Ooo…there’s a special place in hell for those people. Also, I hate people who, when the exit lane is backed up for a 1/2 mile or so, just cruise down the right (non-exit) lane and merge back in at the turn-off. Grrr…
But early mergers also kind of tick me off. When it’s pretty congested, one merge point is usually most efficient, and the easiest way to decide on that merge point is at the end. That way, you don’t have hurt feelings and anger from people who think you are jumping the queue, as everyone remains in the same order in that lane to the end. I mean, the way it is now, it’s stupid. Some merge in as soon as they smell a merge, others wait a mile out, others 3/4 mile, others 1/2 mile, others 1/4 mile, some right at the end. At what point is it considered assholish?
But it shouldn’t be. We should be dividing into two lanes. This is faster for everyone overall.
Someone made a good point above that if the lane is stopped, there’s no way to coordinate it so that just half the cars move over to the left hand lane. Fair point–but everyone’s in that situation because they acted unthinkingly a few minutes before so I at least can crow about my intellectual superiority. Anyway I’m not sure it’s impossible for people to pull off dividing into two lanes–get over to the left if the guy in front of you isn’t signalling he’s going to do so. There will be false starts in some places in the line, but traffic is stopped per hypothesis so the false starts aren’t super dangerous.
You know I haven’t thought about the difference made by traffic being stopped. In such a case, maybe it doesn’t speed anything up for people to be using two lanes instead of one. I’m having a hard time picturing the difference anyway.
It helps turn a 2 mile backup to a 1.5 mile backup.

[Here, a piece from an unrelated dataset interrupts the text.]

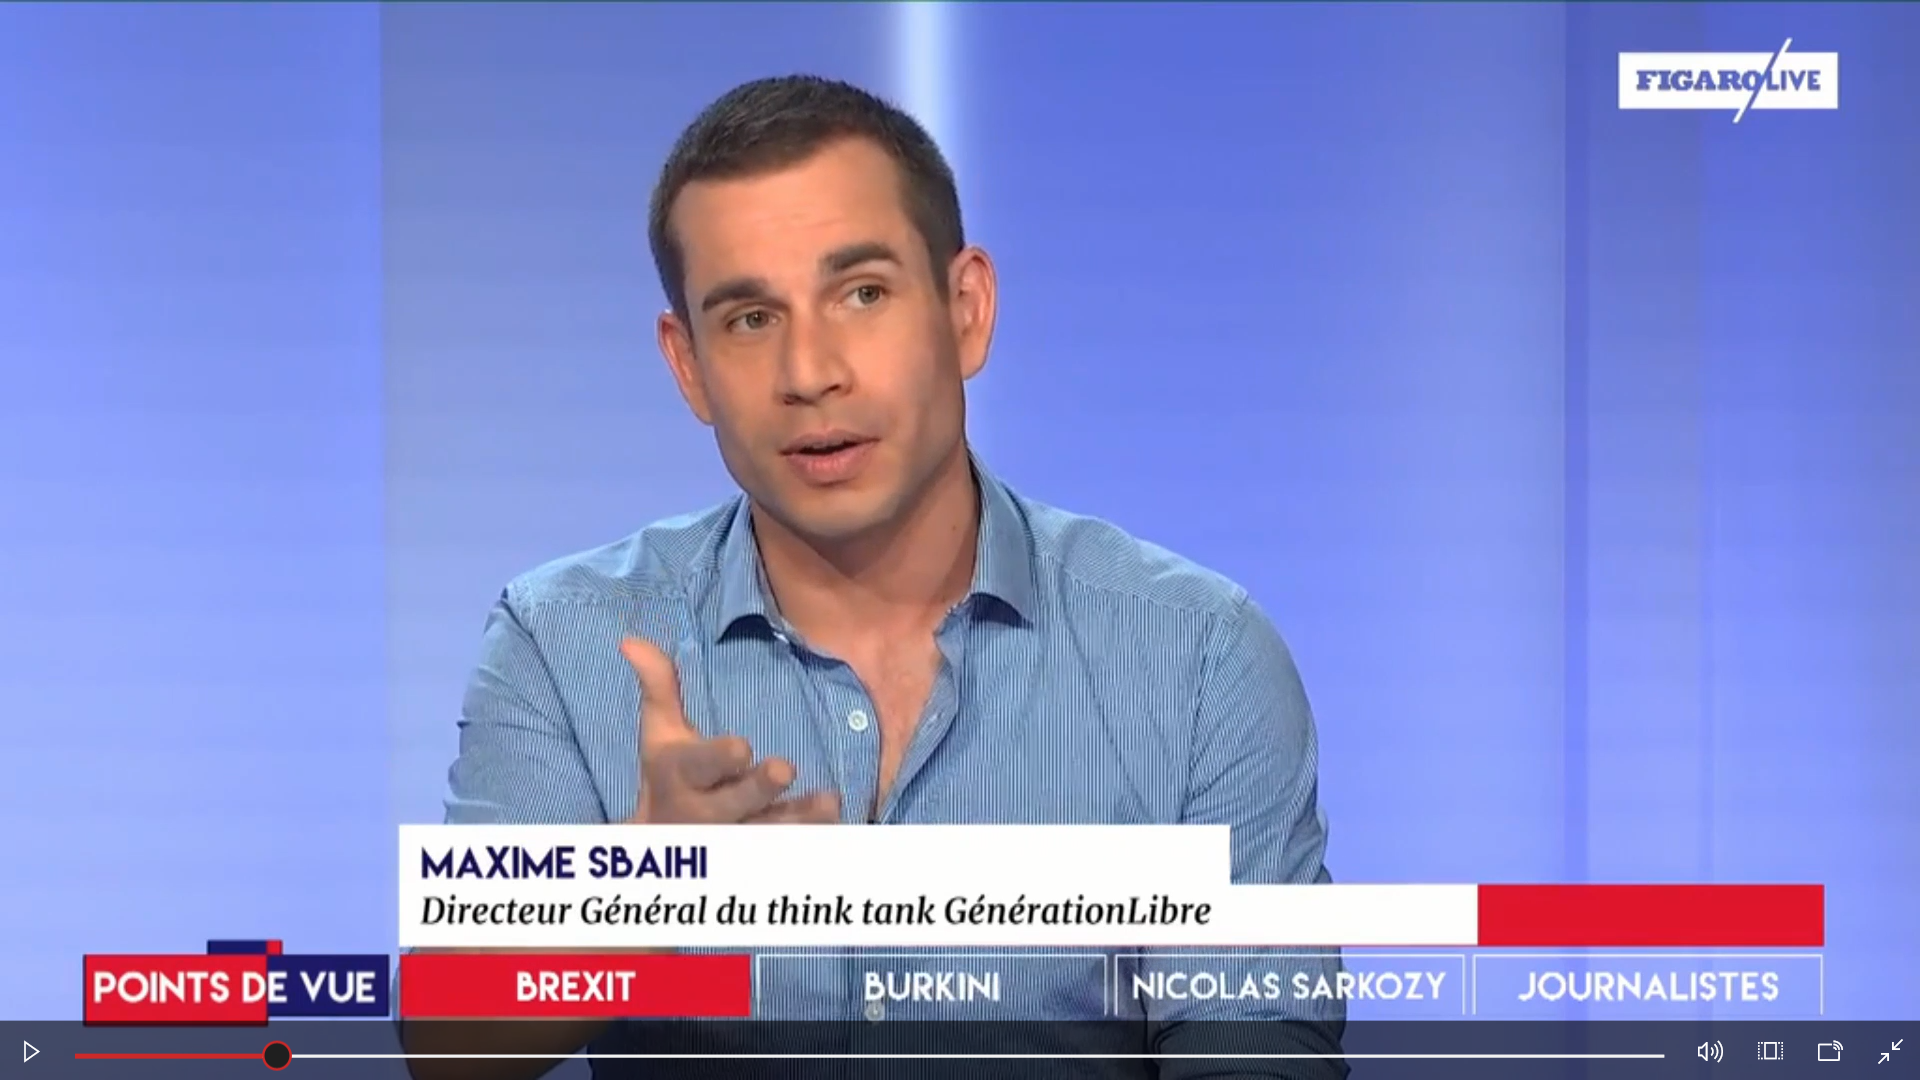 Brexit, Burkini, Sarkozy, Ordre des journalistes : le point de vue de Maxime

It also helps people getting on on-ramps. The exit from local roads onto highways get congested, having intersections blocked, etc. all because of the propagation of brake lights caused by person 1 heading down the on-ramp at 35mph then slamming on the brakes to a stop because they want to merge early instead of going all the way down to the end. That driver may be courteous to those waiting in the highway traffic but they’re not doing anyone behind them any favors.
I guess I also don’t understand this particular need of universal justice when it comes to waiting. People get upset in checkout lines if one cashier is faster than the other. If one bank teller is faster than another. If one lane is faster than another. That’s the entropy of the universe, and it’s a difference that’s measurable in minutes, not years. If you really want to be nice and do the right thing, then turn the other cheek. Either that or join the speedsters in their assholery. Don’t internalize it and pout.
Driving is not about cosmic equity or social justice. It’s about efficiently moving people form one place to another. To that end, traffic laws are designed to be more efficient for the group, although some times it makes it less pleasant for one person or another in a specific instance.
To the more specific point, it makes it a shorter backup that likely moves more quickly. It’s easier to merge two relatively evenly-populated lanes briefly than to force them together for longer periods.
Usually, traffic engineers assume and want people to do this. Use any available lane as much as possible (within the limits of reason). People want to force-merge early because of fairness and preparation, but it’s not efficient.
I have no clue why you think you need to tell me this. By “befefits” and “cost” I didn’t mean anything about cosmic equity or social justice, I meant benefit and cost in terms of efficiency of movement of traffic as a whole.
Its just nature’s way of melting black ice at night.
Olive pretty much nailed it re: the assertive merge. Except, perhaps where 280 splits at Newark, where pulling the “drive around last minute merge” just isn’t going to cut it. People, as a group, just keep their cars in low gear and hang tight wagon-train style as they pass the Newark exit.
Basically, you’d have better luck trying to cut ride lines at 6-Flags on “Biker Day”. The local cops know this too and a few times a year will park on the triangular median with lights flashing to get their point across to people stopping highway traffic on the Newark exit side trying to force-cut in.
Gee, I sure hope those tickets aren’t Too expensive.
I wish the drivers out here were as clever. There is one place where some idiots drive in the exit only lane to the very end and cut over, and they can usually do it since so many of our drivers are pussies who leave 6 car lengths at 10 mph. If everyone was close to the car ahead the strategy wouldn’t work. The middle lane, where I drive, is much faster than the right because people in the rightmost lane have to brake when these clowns push in.
When lots of people leave excessive space, you encourage stuff like what we call dive-bombing - when someone from the far left heads for the exit lane in 500 feet.